Closed ashfurrow closed 5 years ago
@zephraph looked and found some Zeit logs that seem to indicate that the Peril server itself was restarted:
info: ## pull_request.synchronize on CocoaPods on CocoaPods/Specs
info: 1 run needed: cocoapods/peril-settings@org/pr.ts
Request failed [404]: https://api.github.com/repos/CocoaPods/Specs/pulls/14419
Response: {
"message": "Not Found",
"documentation_url": "https://developer.github.com/v3/pulls/#get-a-single-pull-request"
}
error: UnhandledRejection Error:
Could not find pull request information,
if you are using a private repo then perhaps
Danger does not have permission to access that repo.

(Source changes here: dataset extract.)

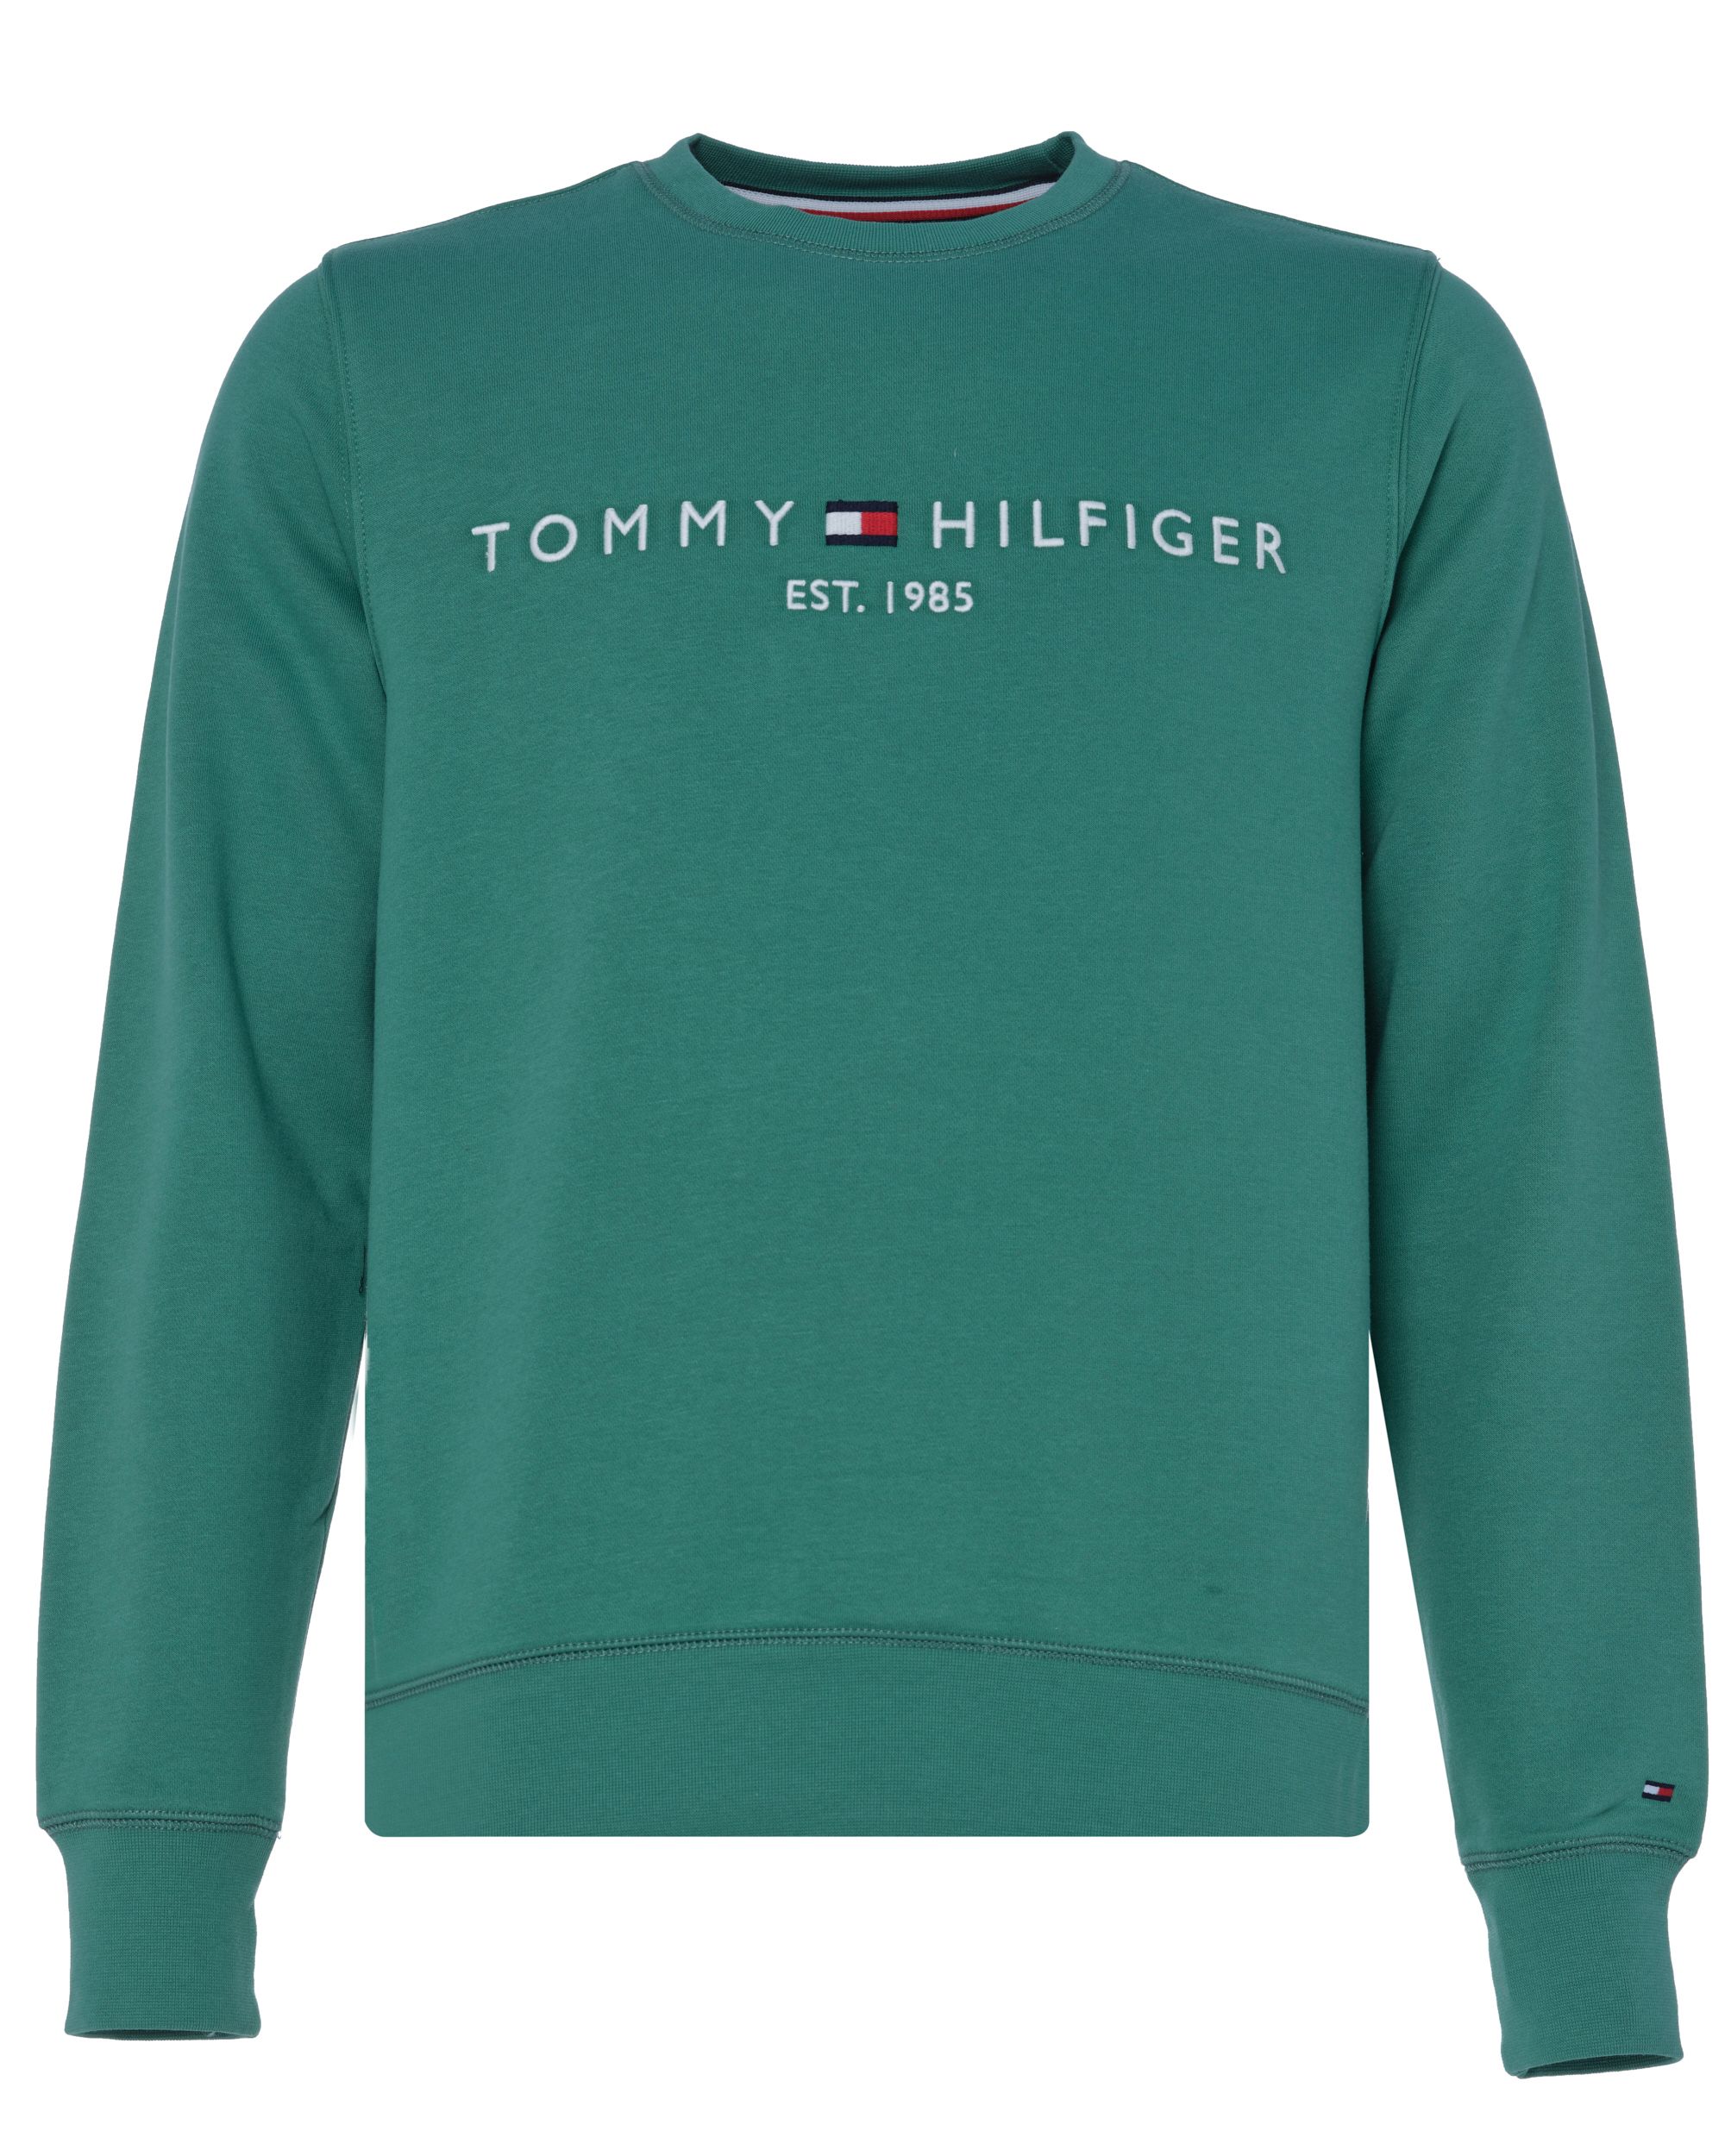 Tommy Hilfiger Menswear Sweater Groen 081214-001-L

info: ☢️ Starting up Peril
(That PR does not exist.) So could it be that Peril having encountered an exception, requires a reboot? And that maybe tasks scheduled during that time are getting dropped? Justin recommended adding a handler for promise rejections – if that sounds like a good idea, let me know and I'll open a PR 👍
Yeah, it's currently set to re-throw if an exception ever gets all the way back to a server, that's a very unexpected error.
I feel like this probably should get caught further up the stack closer to wherever it was grabbing the PR from because it's probably safe to recover at that point
Cool, thanks! I'll look into adding some more safety there.

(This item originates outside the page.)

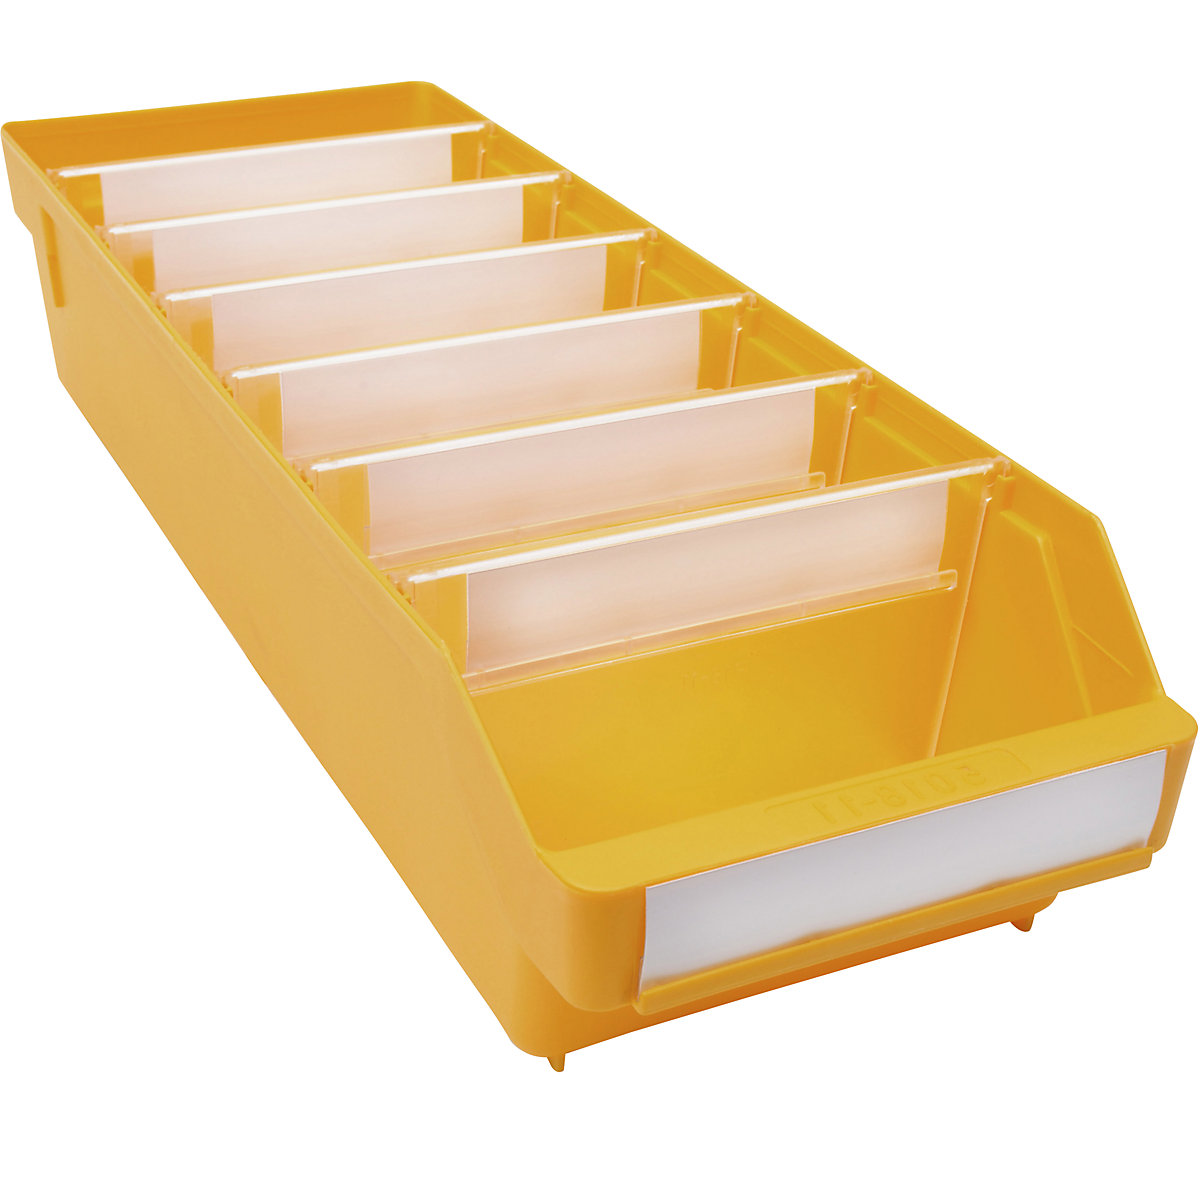 Kutija za regale od polipropilena otpornog na udarce – STEMO, u žutoj boji, DxŠxV 500 x 180 x 110 mm, pak. 20 kom.-10

Looks like we're getting a different crash now (but on that same CocoaPods PR! huh!):
Request failed [404]: https://api.github.com/repos/CocoaPods/Specs/pulls/14419
Response: {
"message": "Not Found",
"documentation_url": "https://developer.github.com/v3/pulls/#get-a-single-pull-request"
}
error: UnhandledRejection Error:
Could not get PR Metadata for repos/CocoaPods/Specs/pulls/14419
So I think this PR of mine helped Peril get further in runEverything
but still failed on this line:
I'm not sure where this is happening, though. The function is getting called from fileContents
but that's about as far as I got.
@orta in the meantime, it looks like MongoDB still has a job for that 404'ing PR. Could we remove it from the db manually?
A set of tasks was scheduled to run on Artsy's Peril install this morning but didn't. A search through Cloudwatch for
"monday-informationals"
yielded only our manual invocation (and not the 9am EST one). No exception info in our Slack invoicing webhooks channel. So it seems like maybe the Lambda invocation failed, but wasn't reported on? Very happy to look into this if you point me in the right general direction.